Give back the lines below exactly, but do not include any pictures.

- _Supplied material_
☆ ☆ ☆ ☆ ☆ ☆ ☆

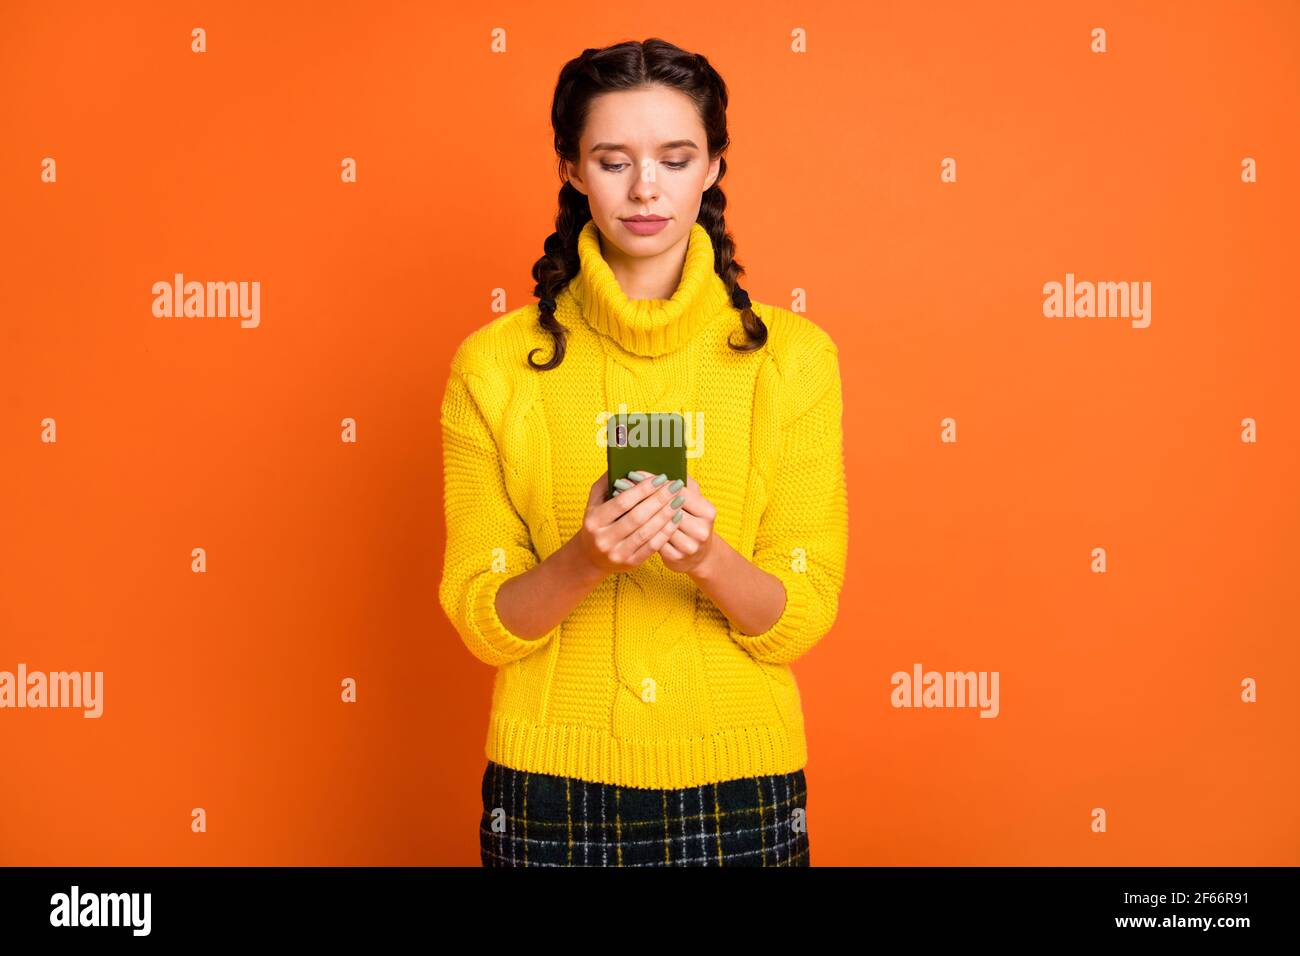 Photo de joli jeune look mains tenir le téléphone port pull knitter isolé sur fond orange Banque D'Images
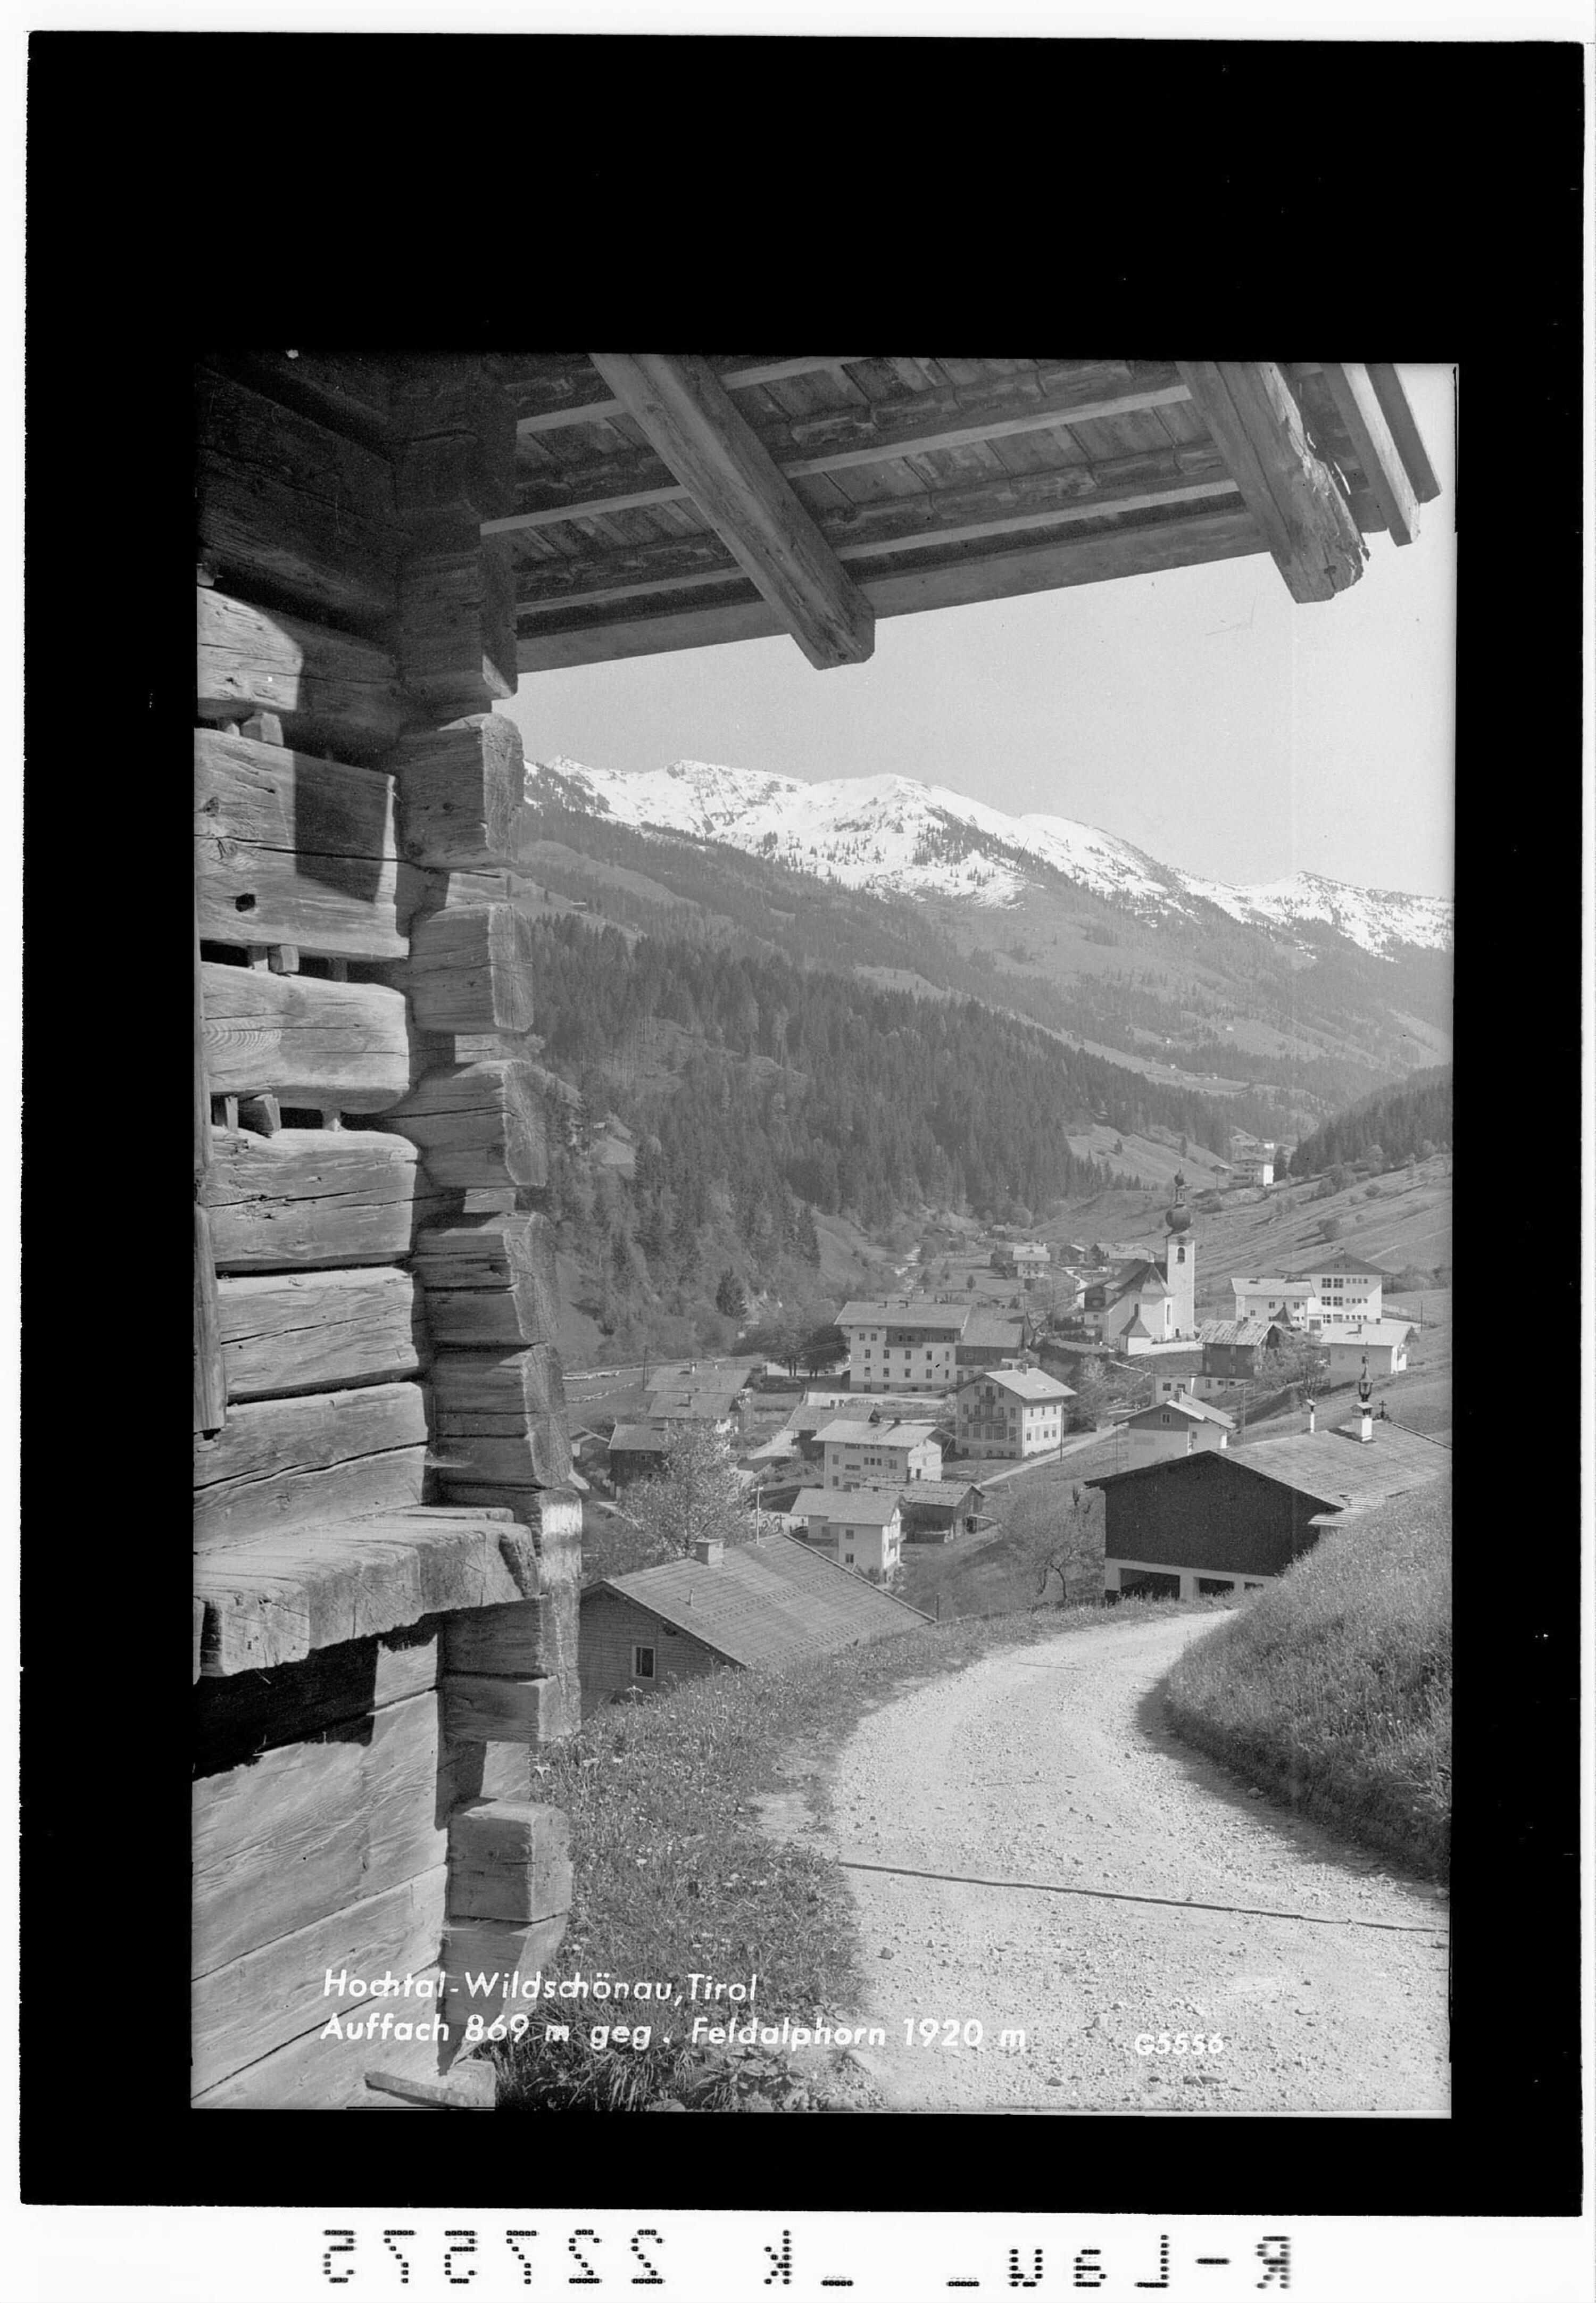 Hochtal Wildschönau / Tirol / Auffach 869 m gegen Feldalphorn 1920 m></div>


    <hr>
    <div class=

☆ ☆ ☆ ☆ ☆ ☆ ☆

- _Exercise result_
 Photo de joli jeune look mains tenir le téléphone port pull knitter isolé sur fond orange Banque D'Images
 Hochtal Wildschönau / Tirol / Auffach 869 m gegen Feldalphorn 1920 m></div>


    <hr>
    <div class=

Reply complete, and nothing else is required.